● Action item:
Print the listing below only from the line that has "Nanakang Geek Ghostbusters" through the line that has "GlaCro - https://www.glacro.com/", exactly, and drop any picture.

● Raw data:
-------------------------

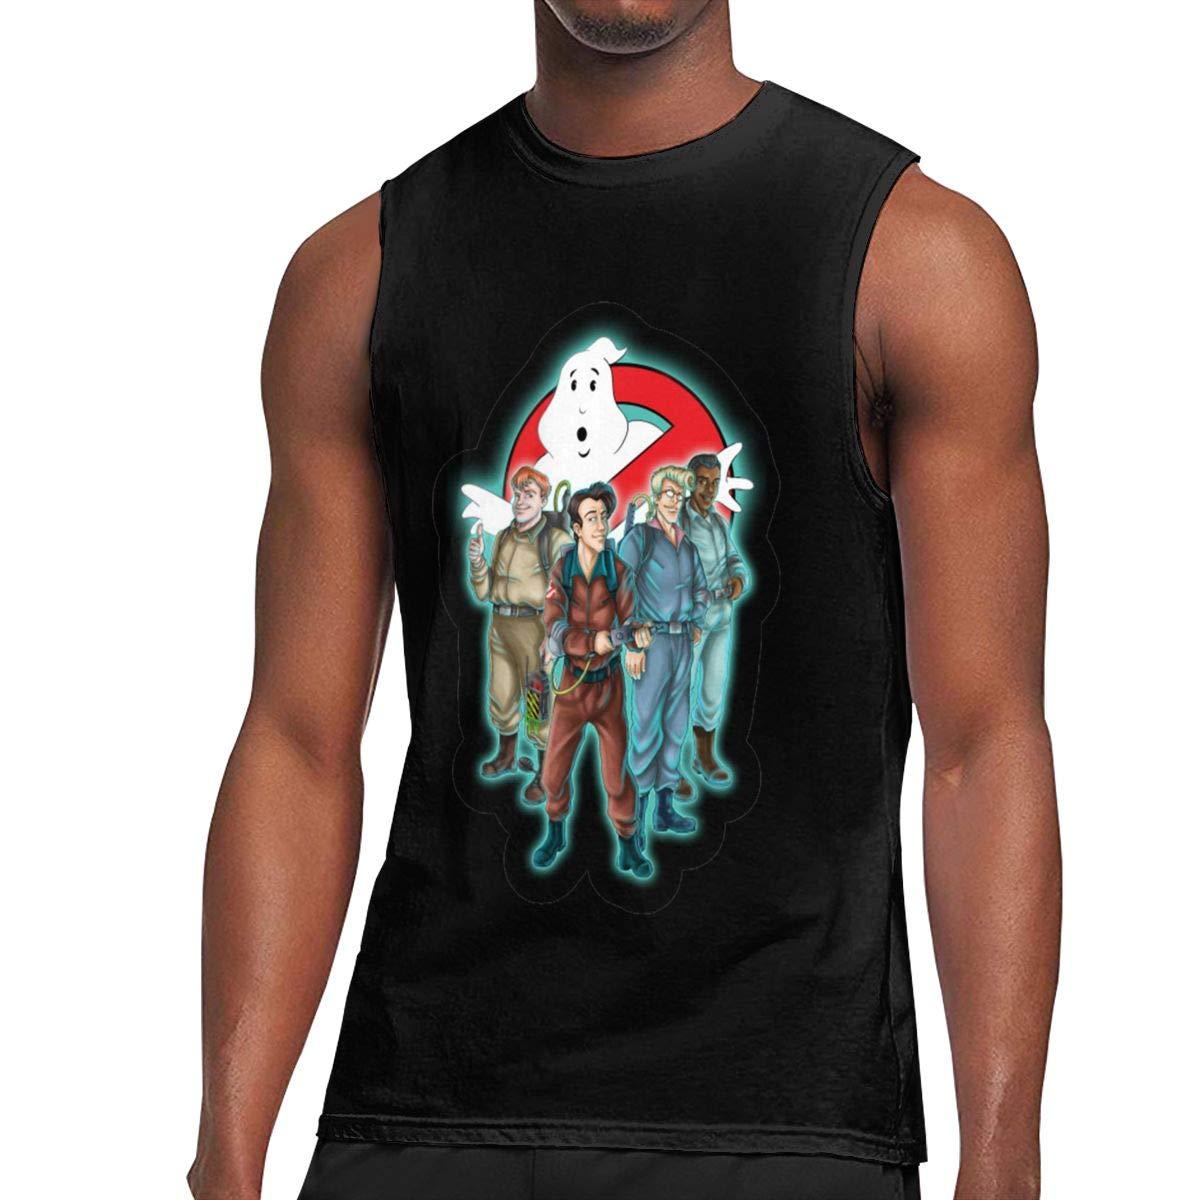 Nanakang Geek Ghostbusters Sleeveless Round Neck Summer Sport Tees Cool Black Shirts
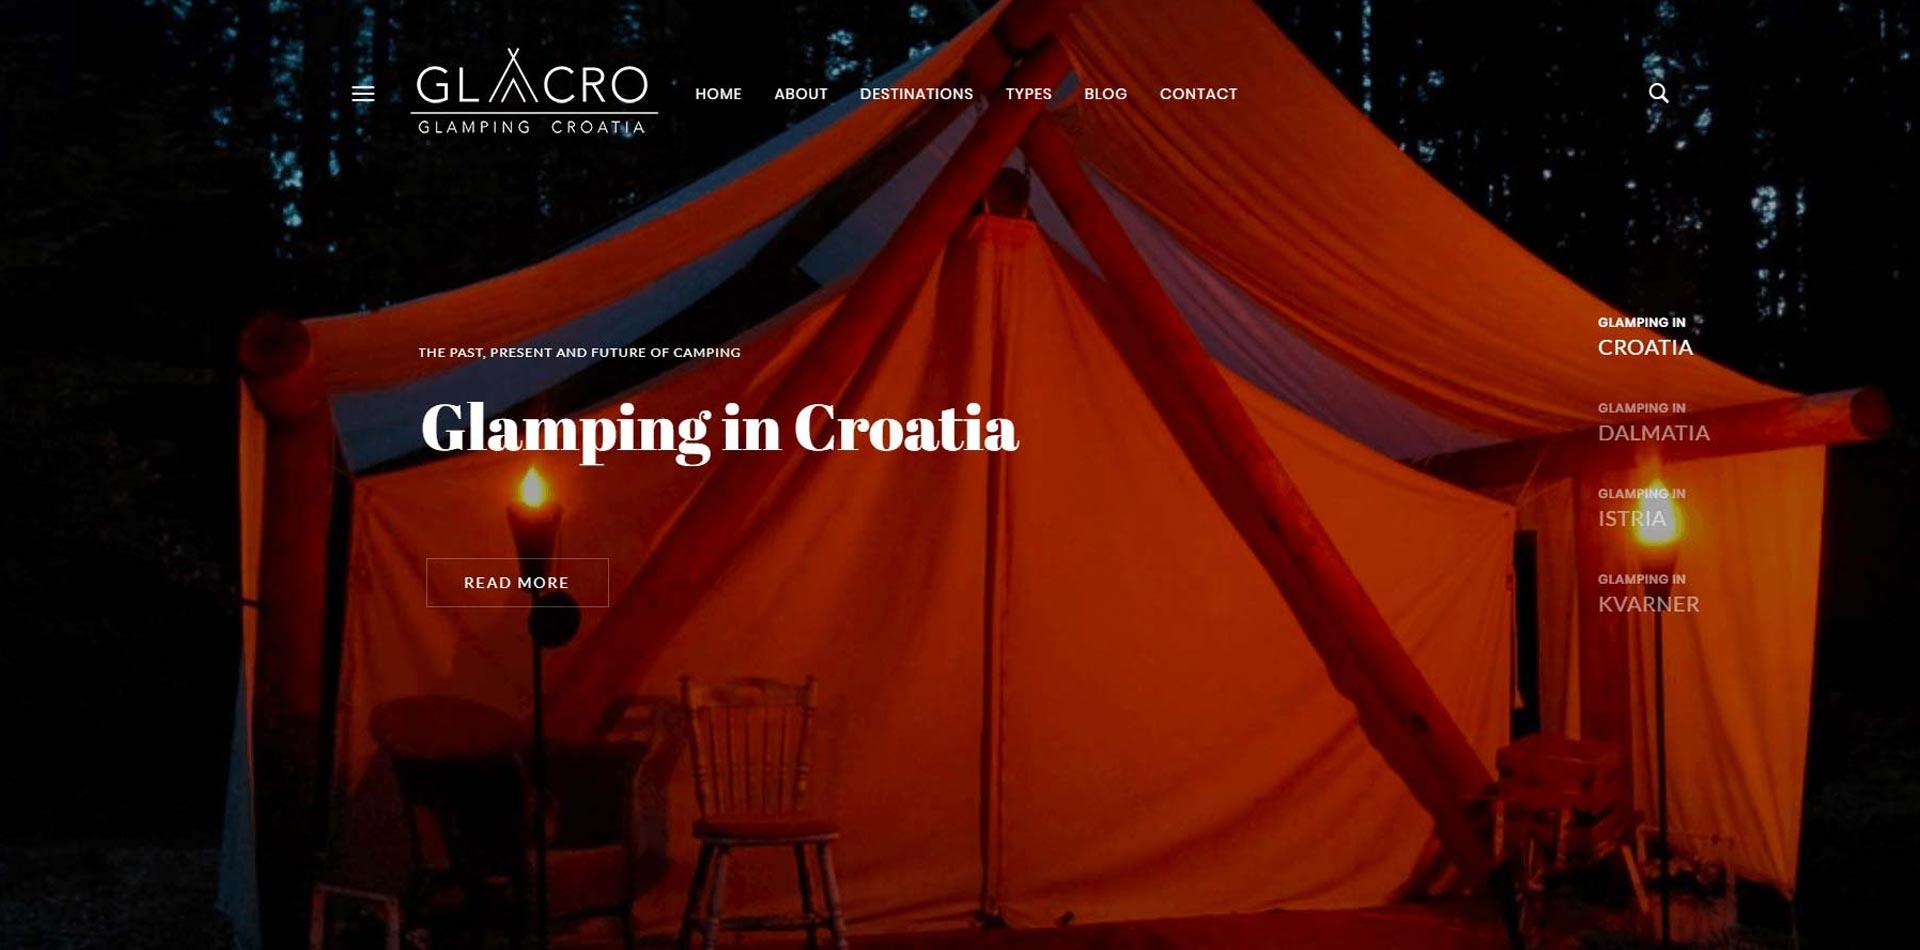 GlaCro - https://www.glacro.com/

-------------------------

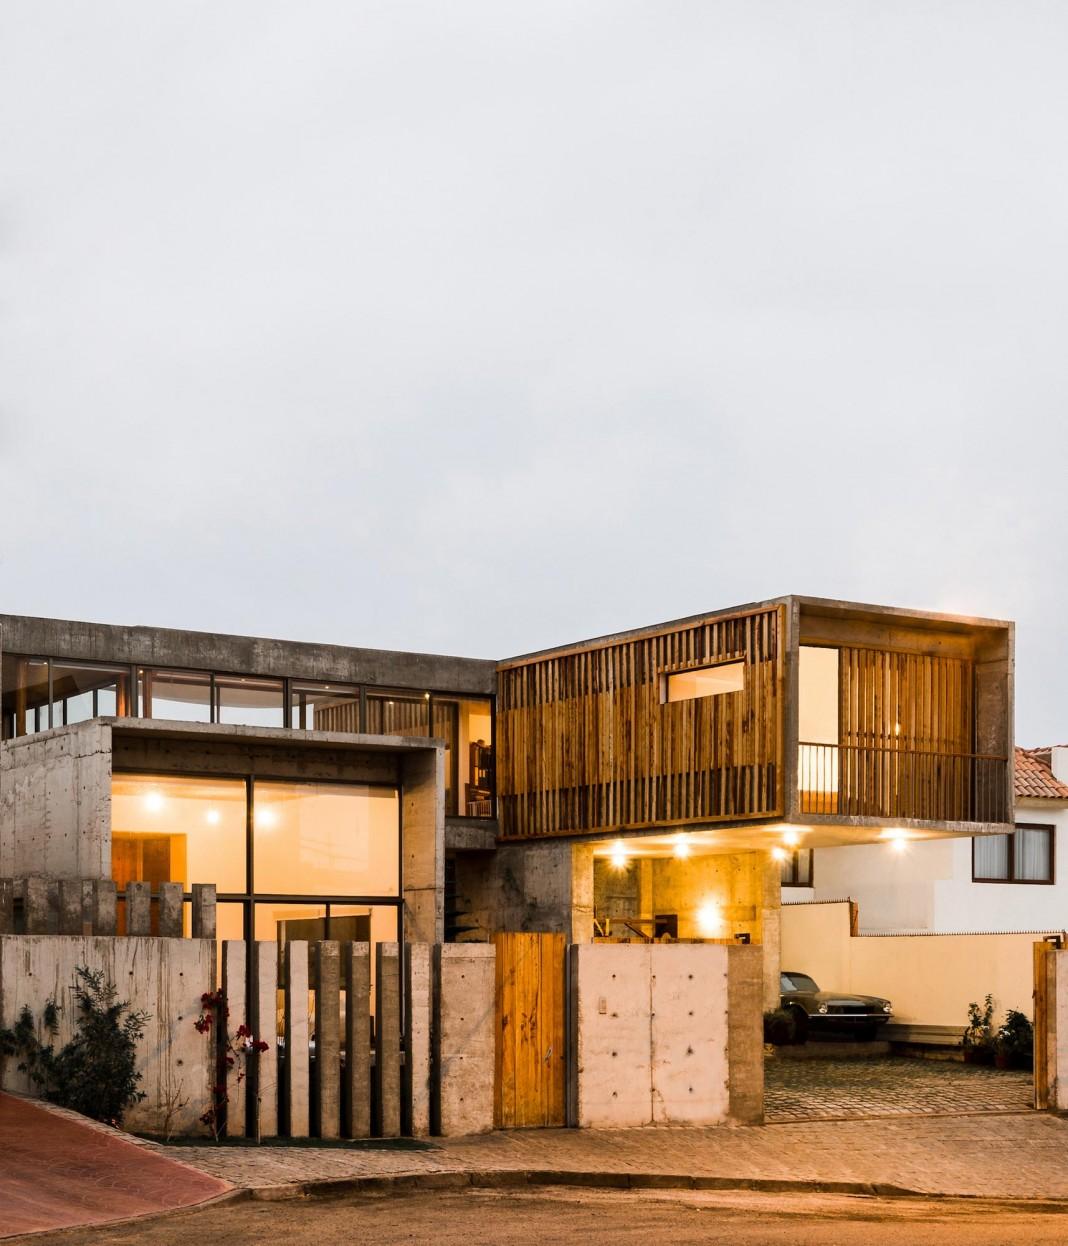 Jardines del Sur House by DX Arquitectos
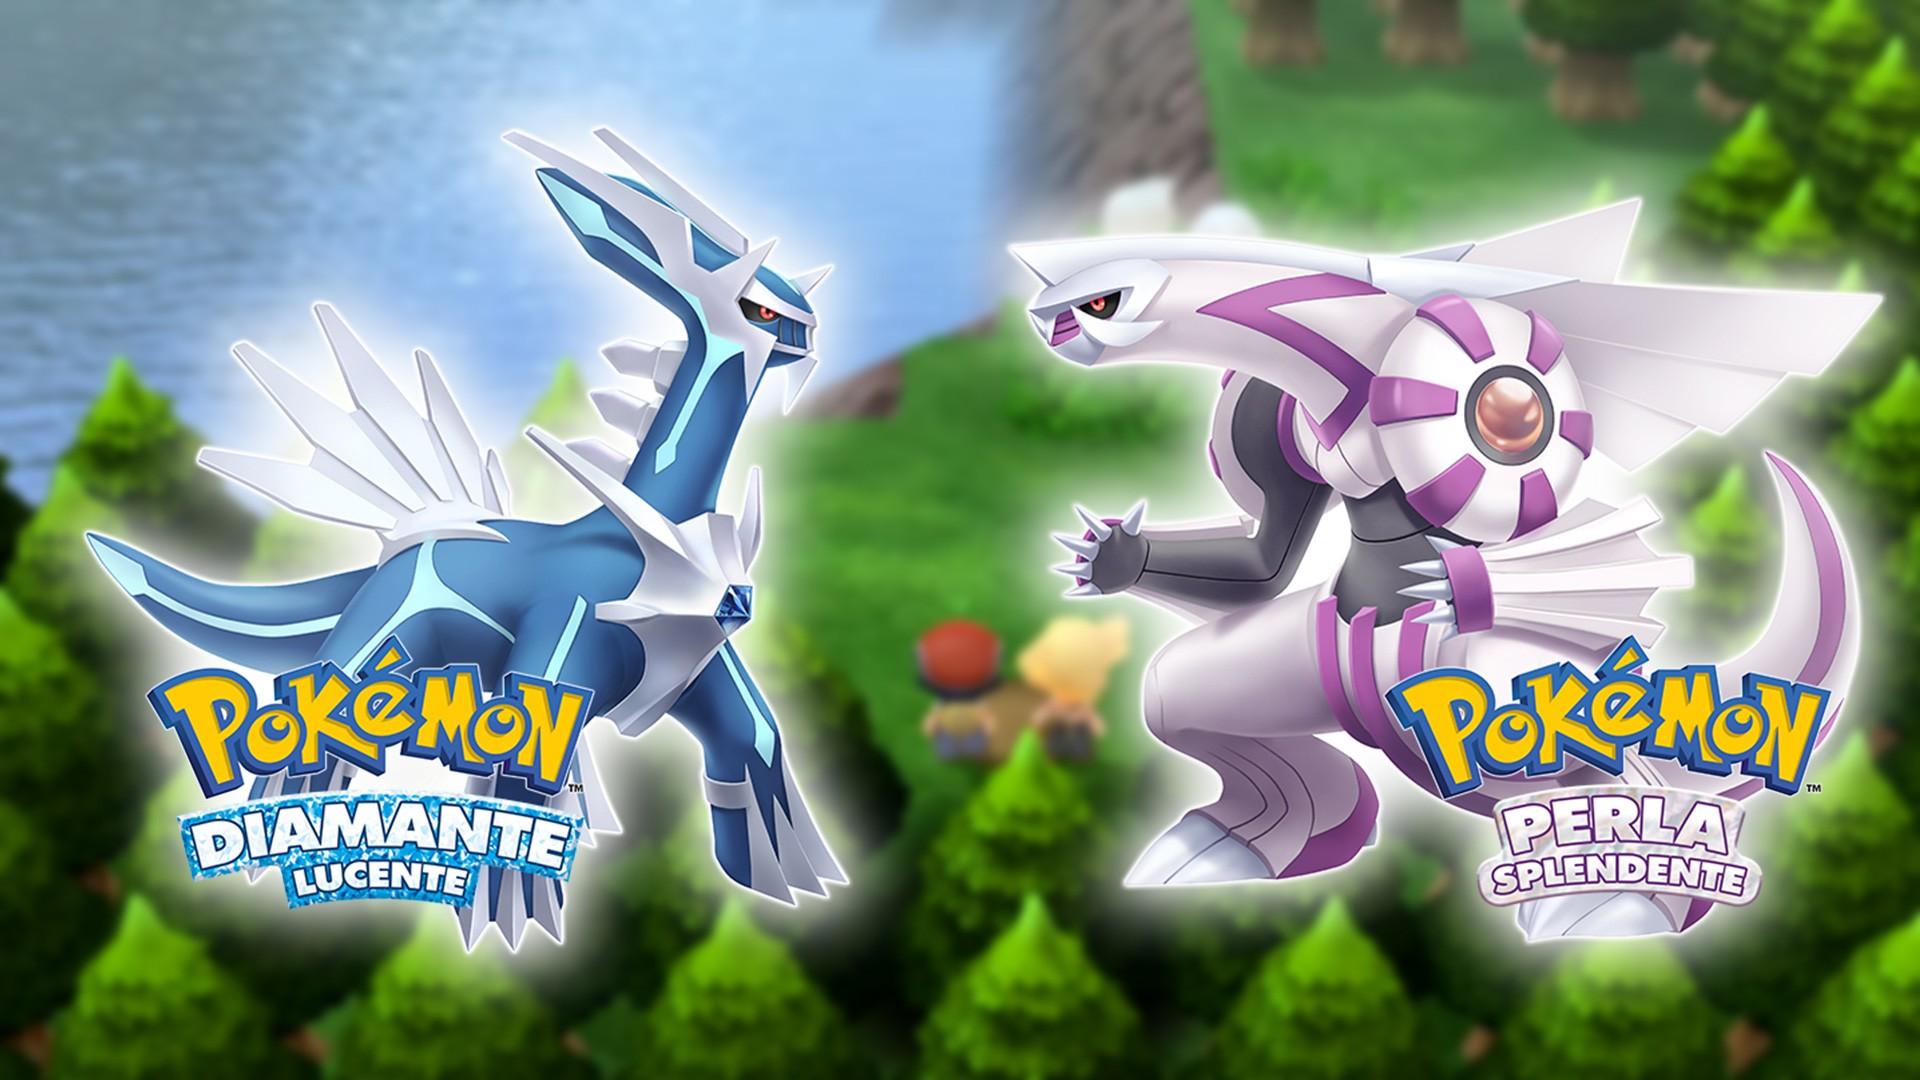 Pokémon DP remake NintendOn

-------------------------

● Written solution:
 Nanakang Geek Ghostbusters Sleeveless Round Neck Summer Sport Tees Cool Black Shirts
 GlaCro - https://www.glacro.com/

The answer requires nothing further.